Try it: The reply should consist solely of the lines from the one with "Avon AM23 180/55VB18 Rear Tire" through the final line of the listing, copied exactly, with no pictures.
(Dataset extract begins)
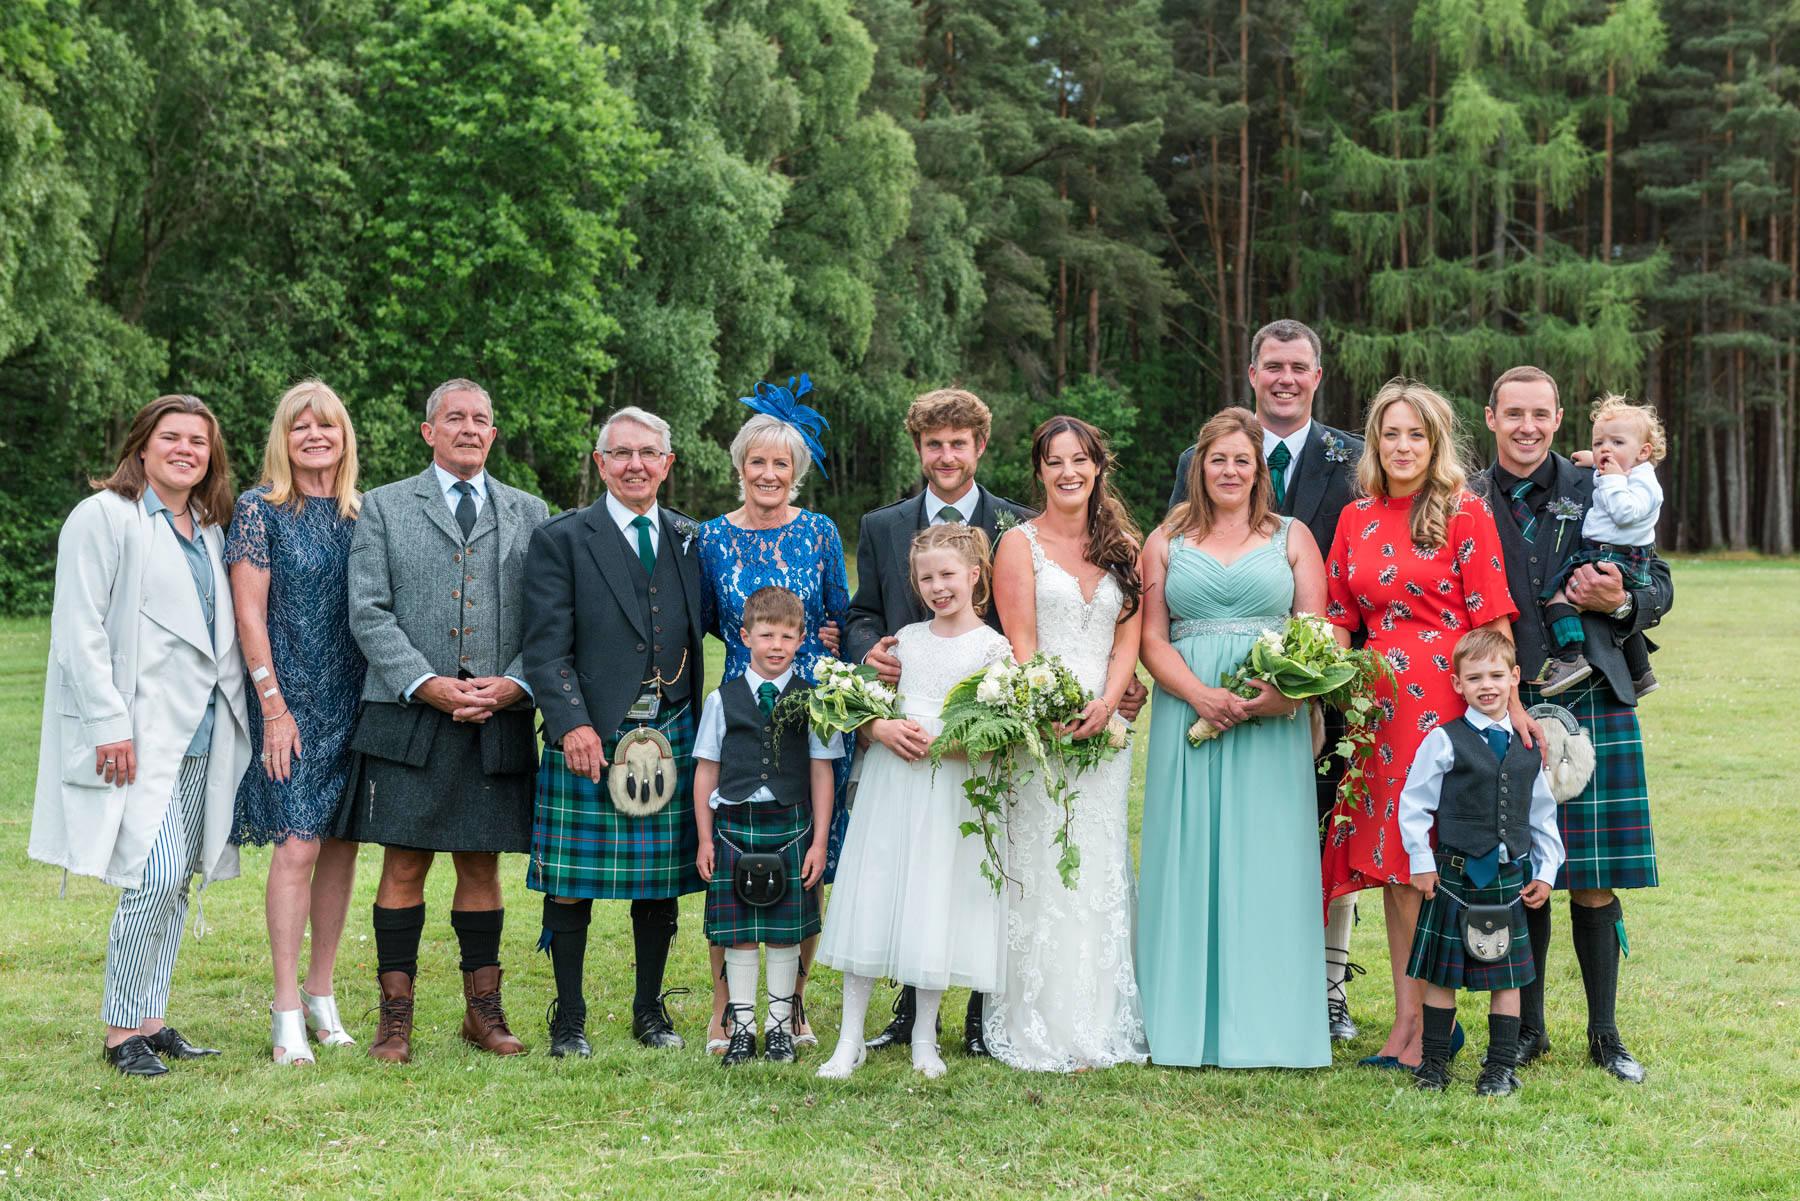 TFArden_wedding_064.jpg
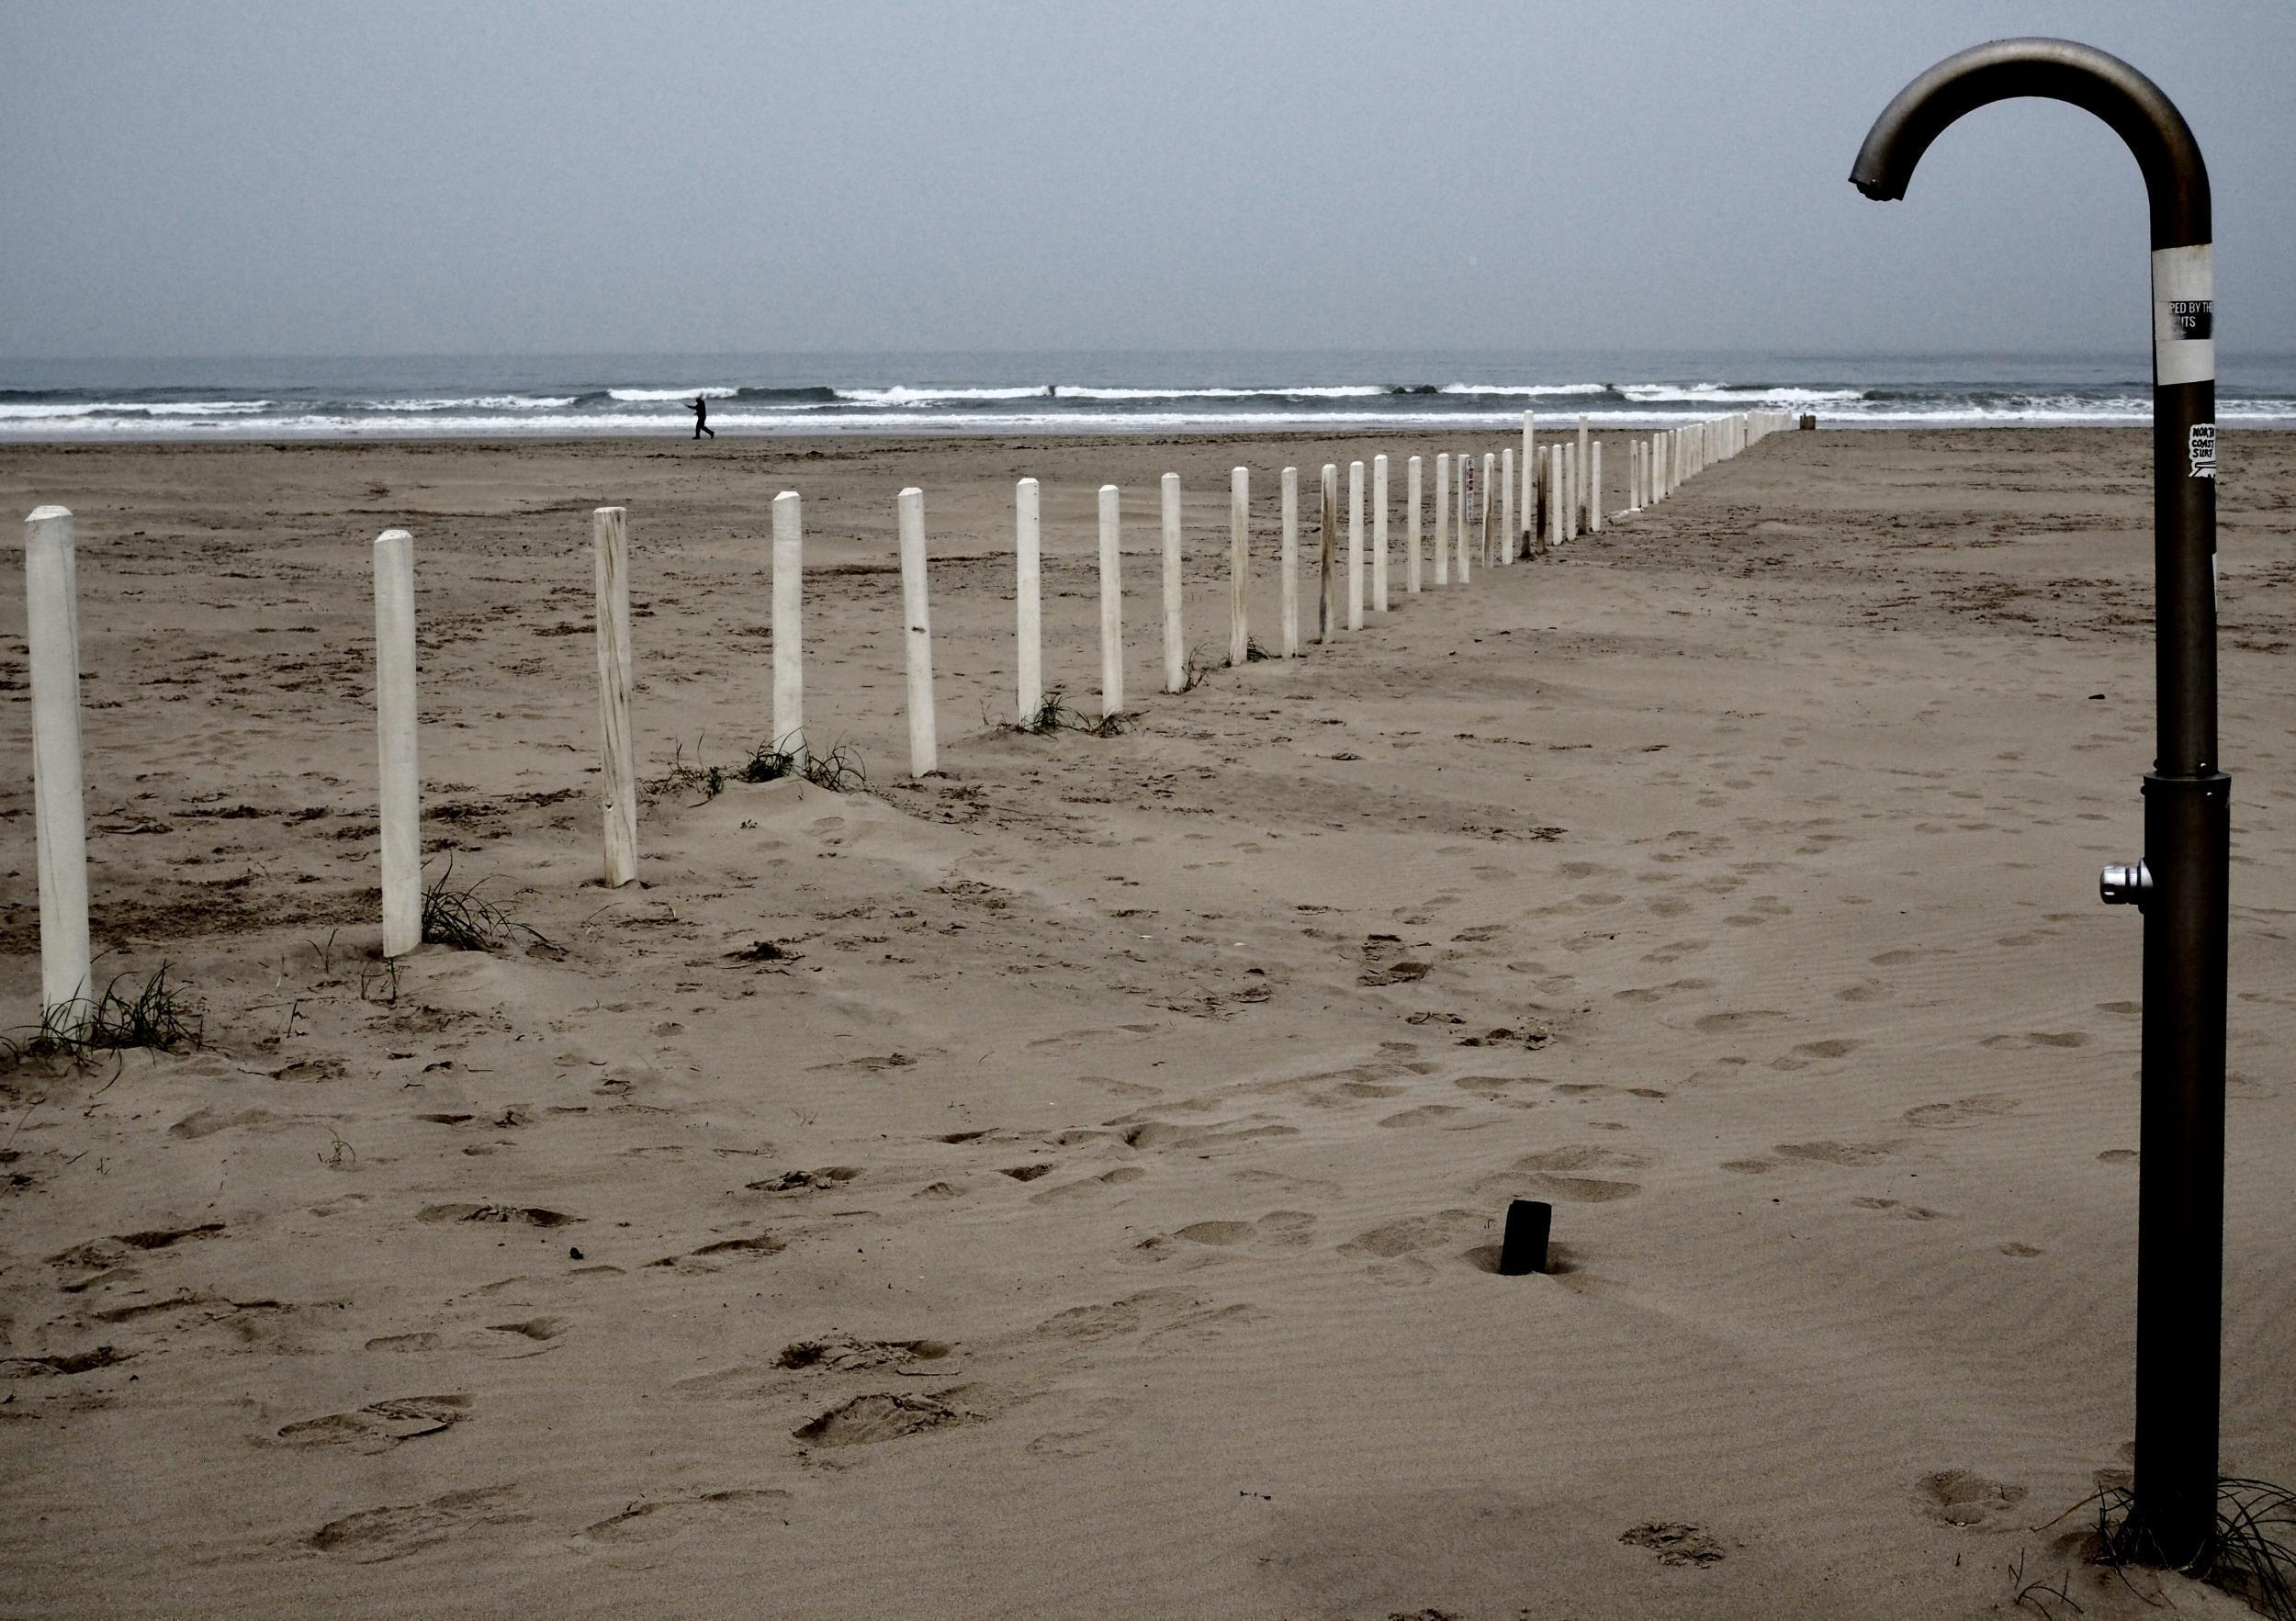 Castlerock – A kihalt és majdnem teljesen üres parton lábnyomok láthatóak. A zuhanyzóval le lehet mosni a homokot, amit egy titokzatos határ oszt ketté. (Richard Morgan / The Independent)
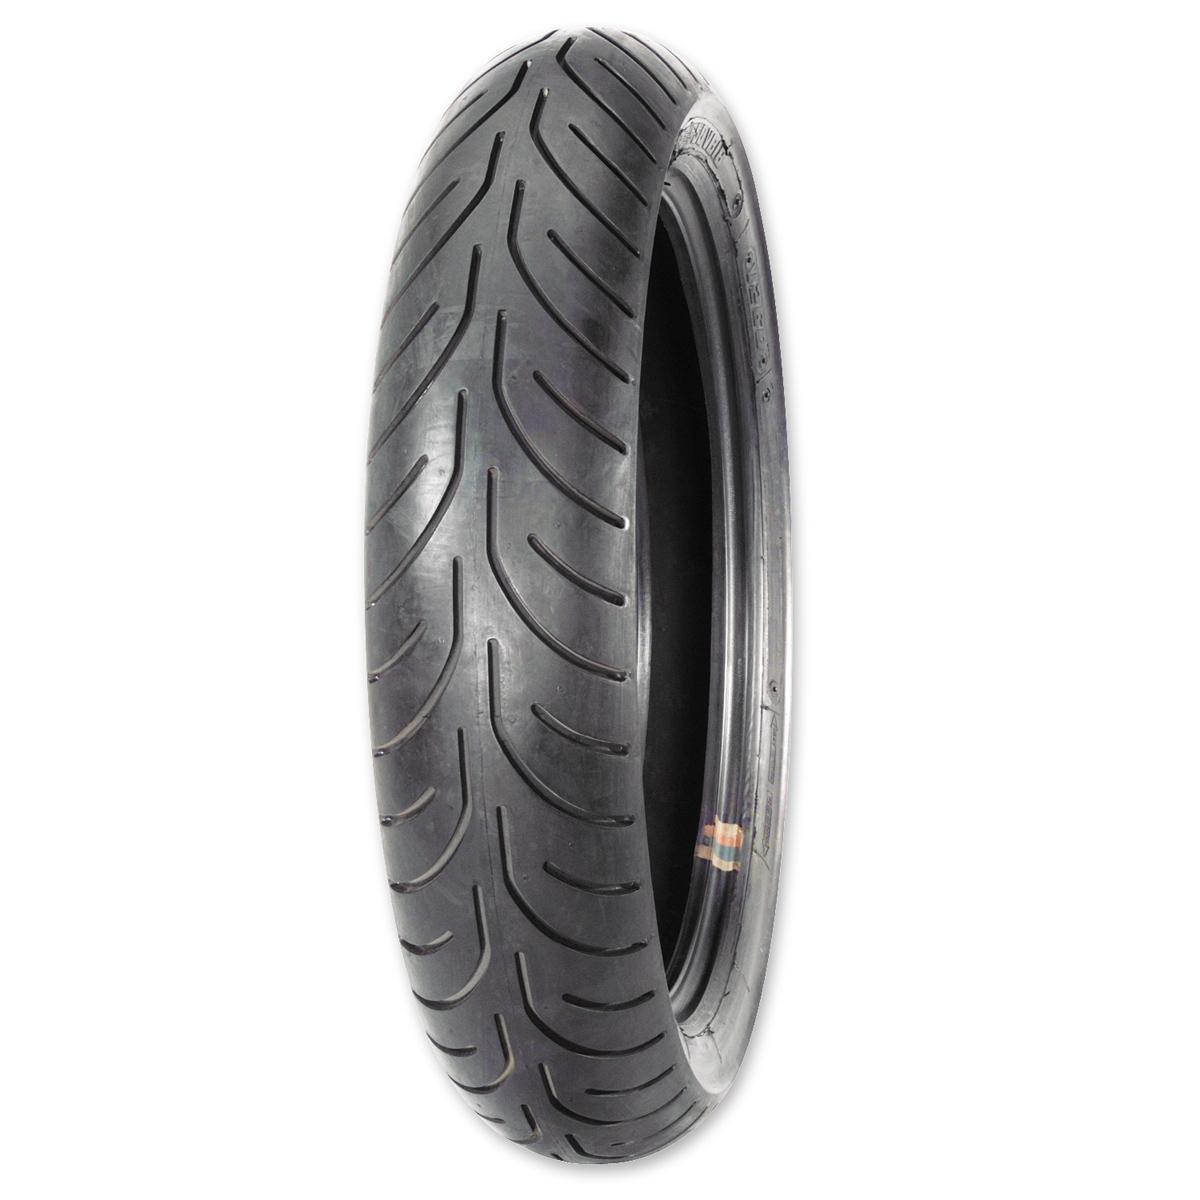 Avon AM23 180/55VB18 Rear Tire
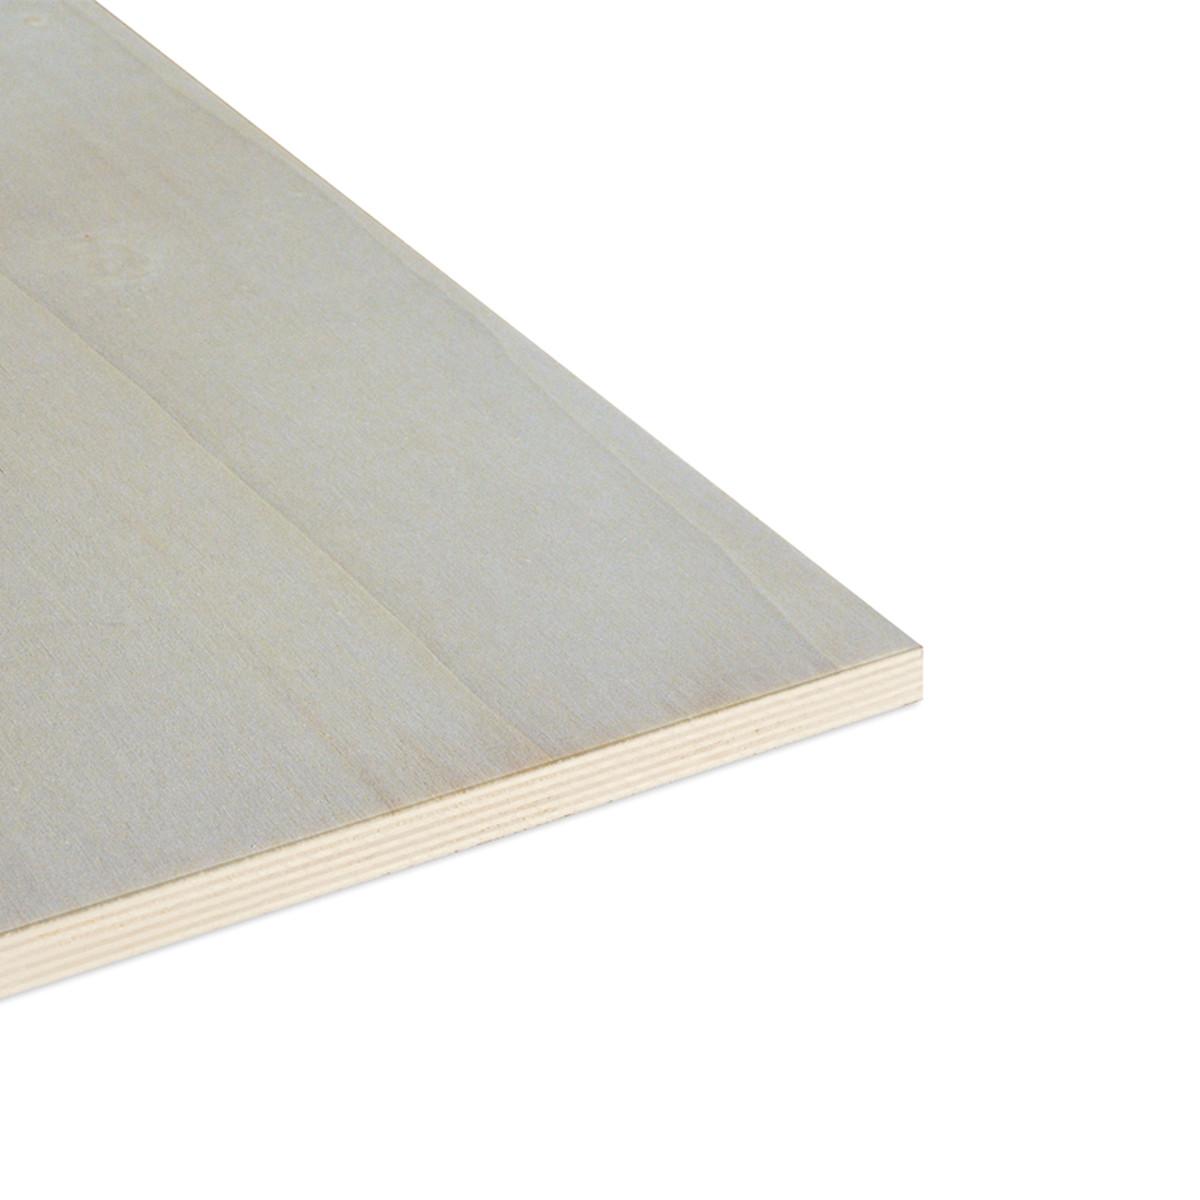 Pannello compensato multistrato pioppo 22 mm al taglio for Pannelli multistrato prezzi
(Dataset extract ends)
Result for this exercise:
 Avon AM23 180/55VB18 Rear Tire
 Pannello compensato multistrato pioppo 22 mm al taglio for Pannelli multistrato prezzi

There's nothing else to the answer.